Pictures aside, copy exactly each line from the one that holds "Chateau Saint-Pierre label" through the last line of the records below.

-- Data items --
- Opening Delimiter -
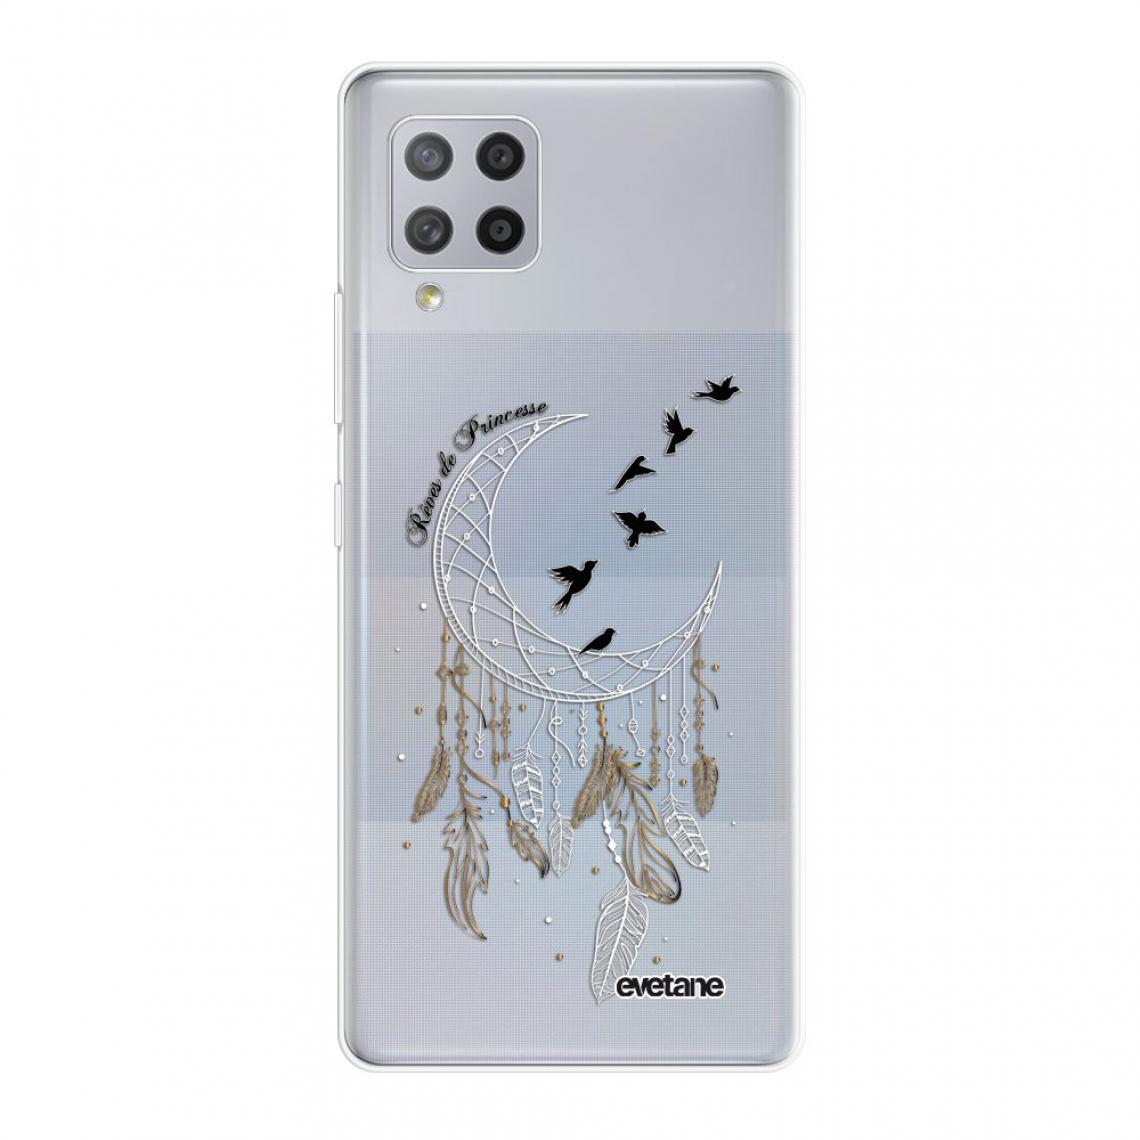 Evetane - Coque Samsung Galaxy A42 souple silicone transparente - Coque, étui smartphone
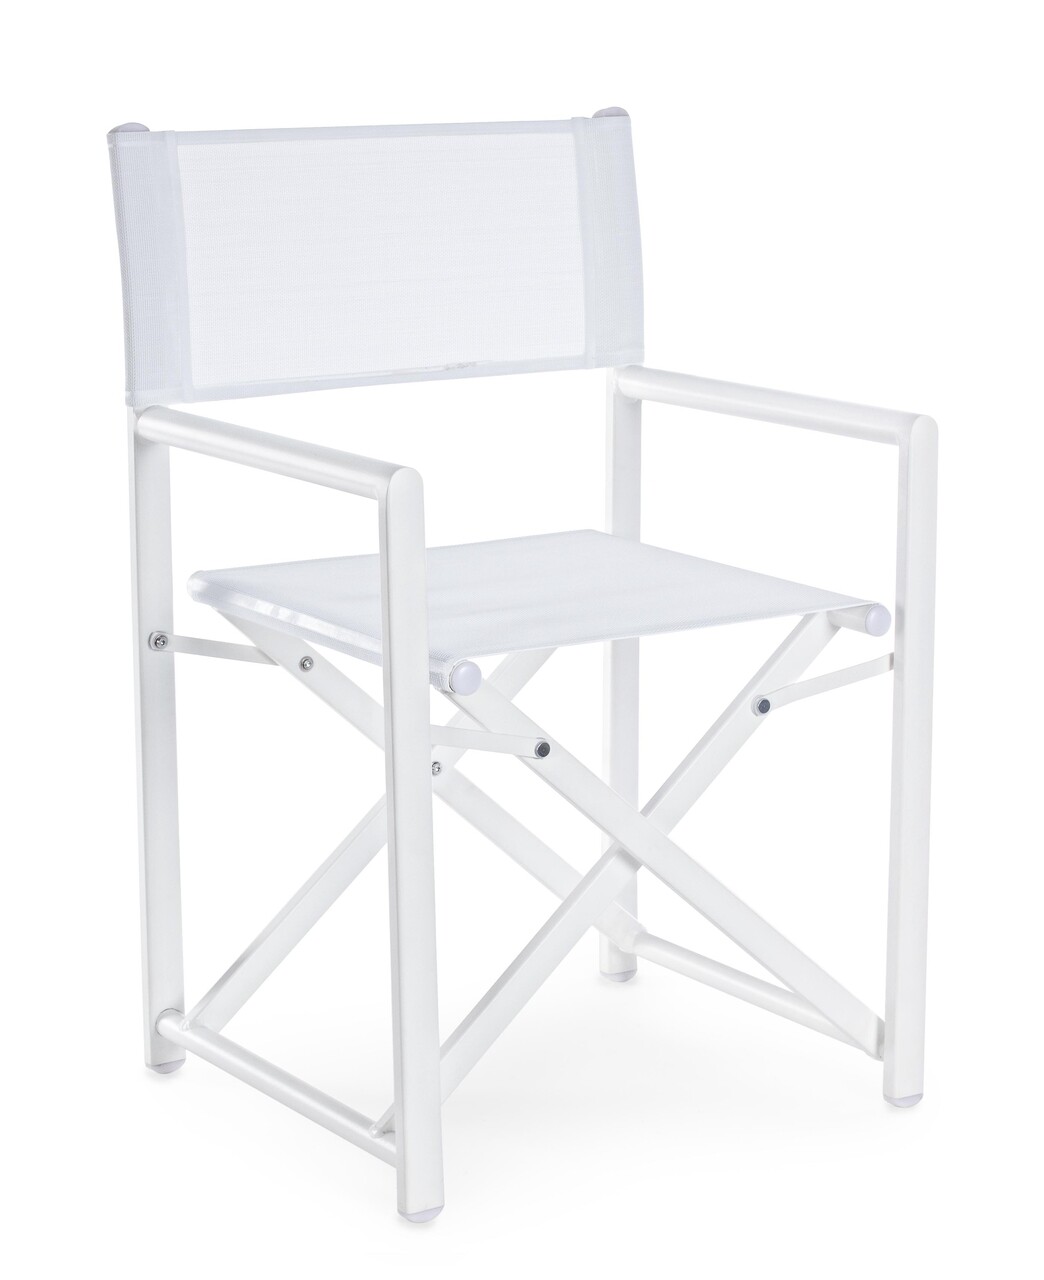 Taylor összecsukható kerti szék, bizzotto, 48 x 56 x 86 cm, alumínium/textil 2x1, fehér
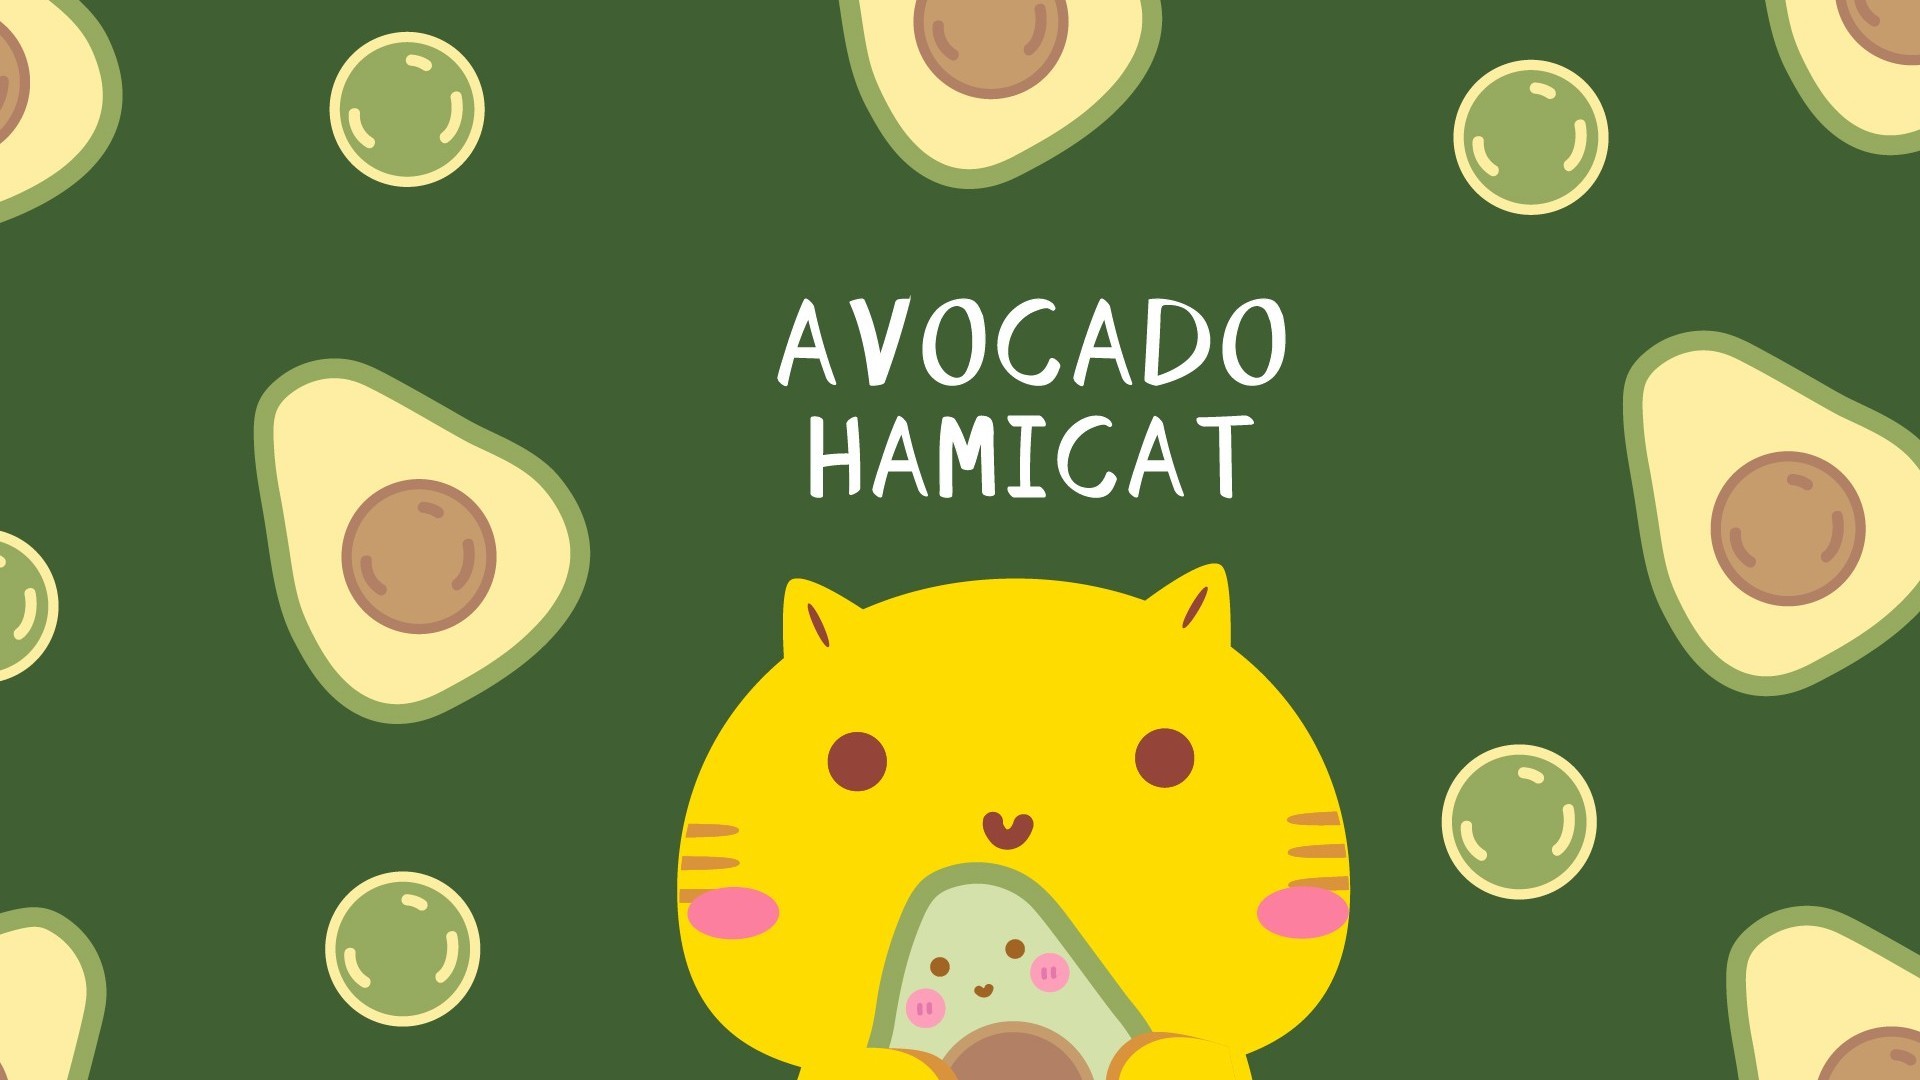 Hamicat哈咪猫牛油果系列卡通图片壁纸
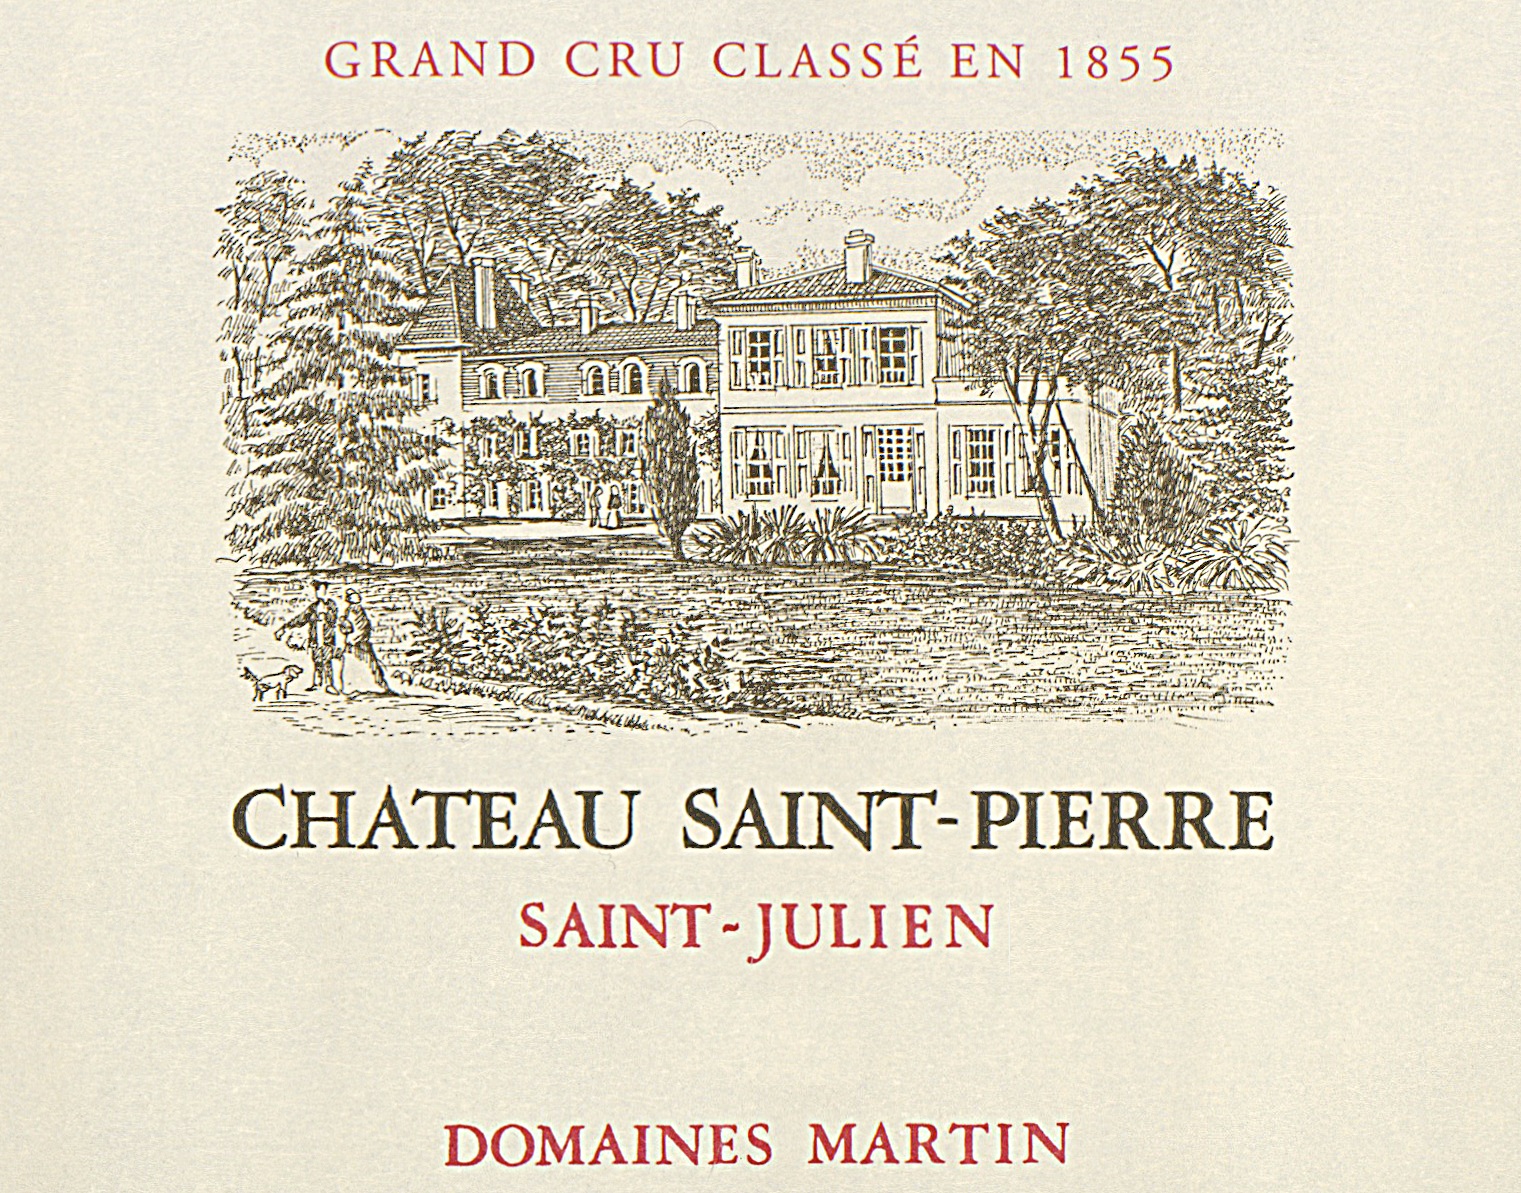 Chateau Saint-Pierre label
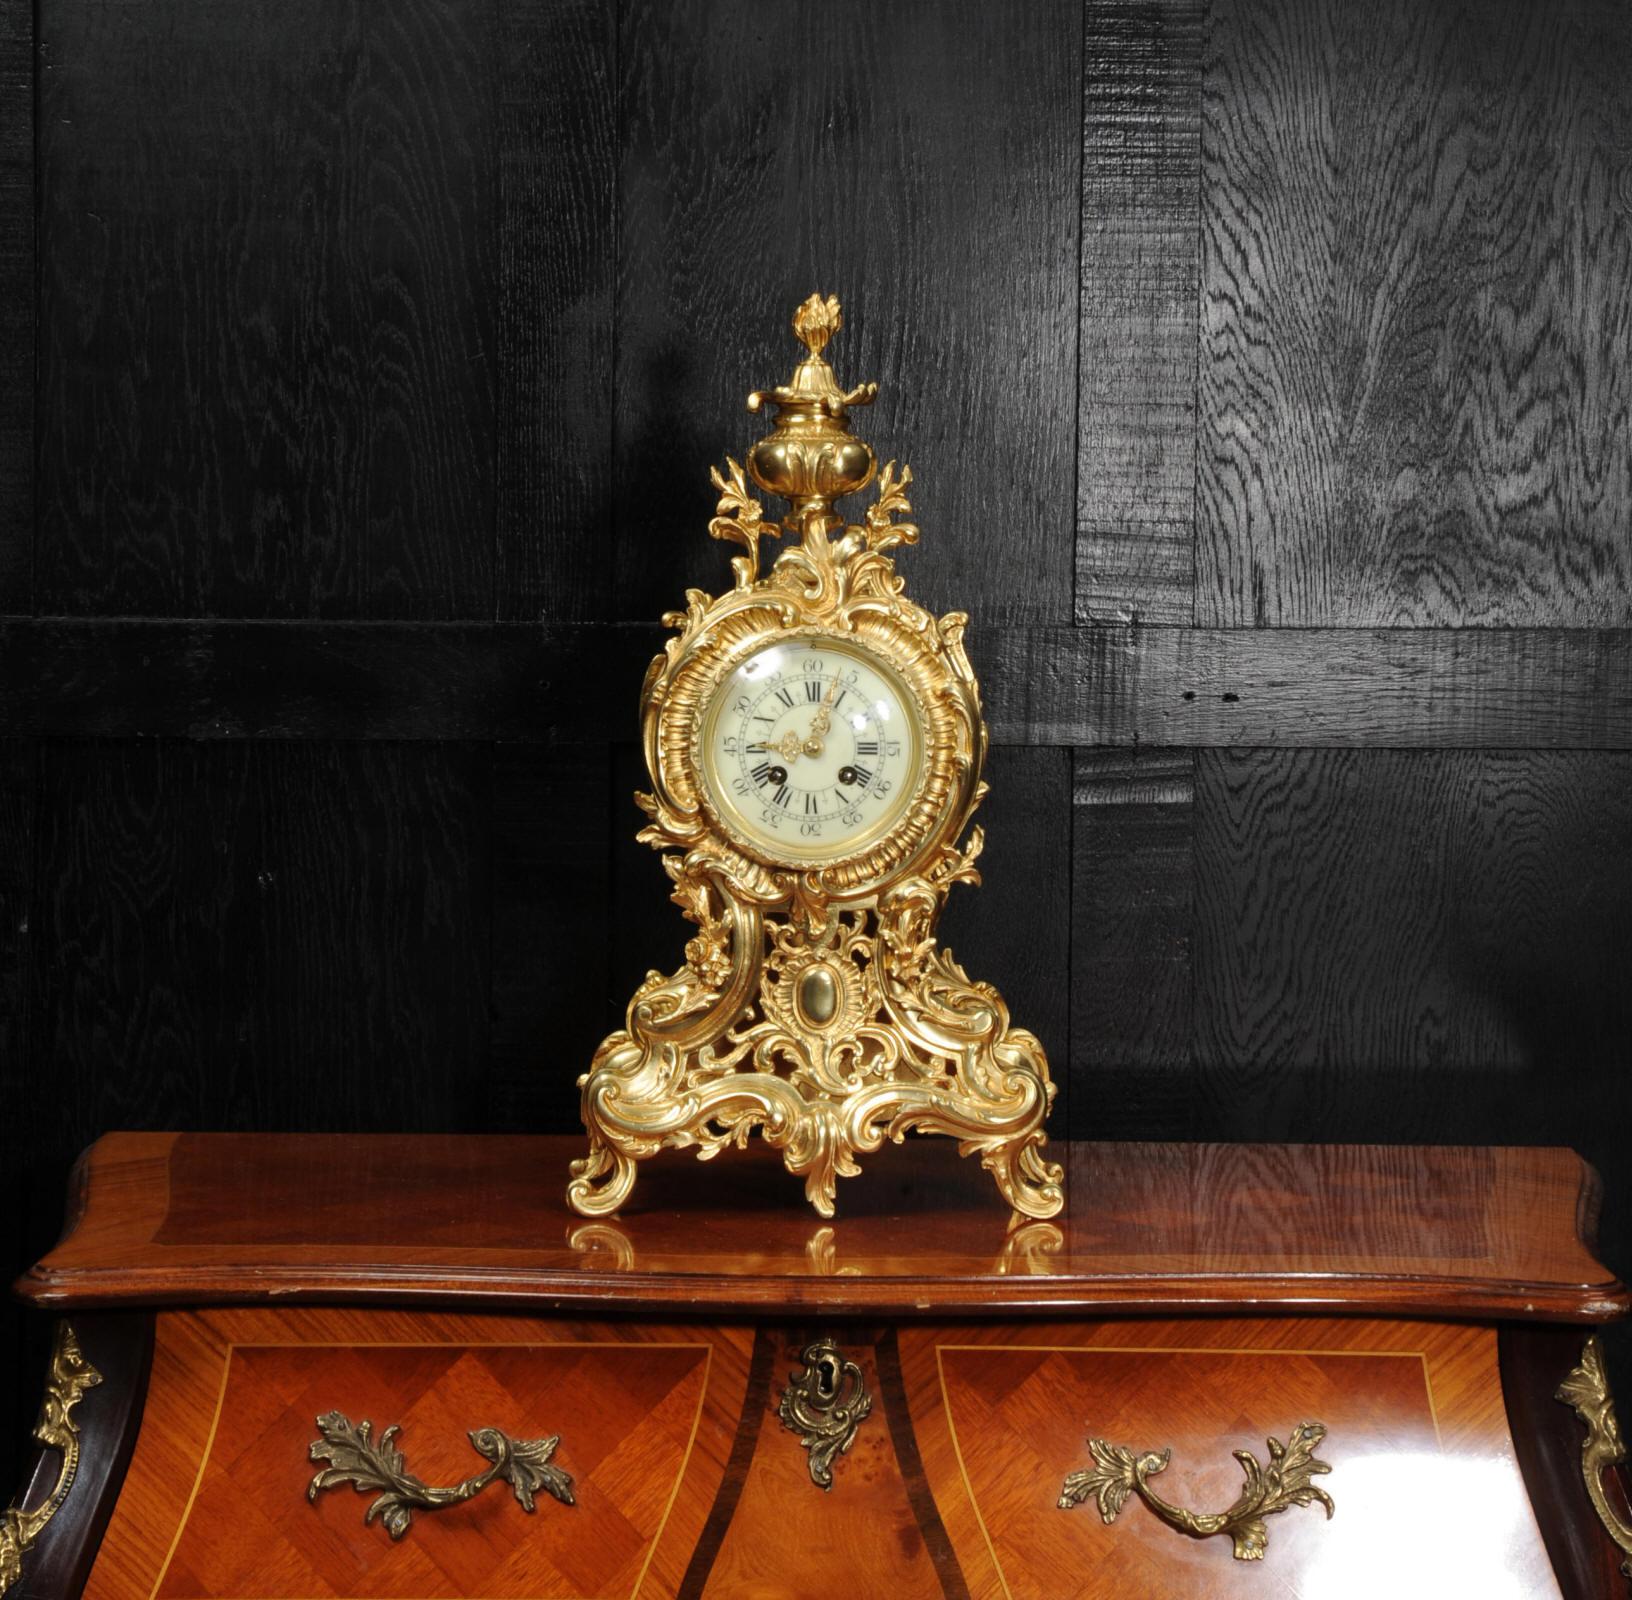 Eine große, prächtige und sehr dekorative original antike französische Uhr aus der Zeit um 1900. Sie ist im Stil des Rokoko in feiner vergoldeter Bronze ausgeführt. Tailliertes Gehäuse, reich verziert mit Akanthusblättern und
- Closing Delimiter -
-- YOUR RESPONSE --
 Chateau Saint-Pierre label
 Eine große, prächtige und sehr dekorative original antike französische Uhr aus der Zeit um 1900. Sie ist im Stil des Rokoko in feiner vergoldeter Bronze ausgeführt. Tailliertes Gehäuse, reich verziert mit Akanthusblättern und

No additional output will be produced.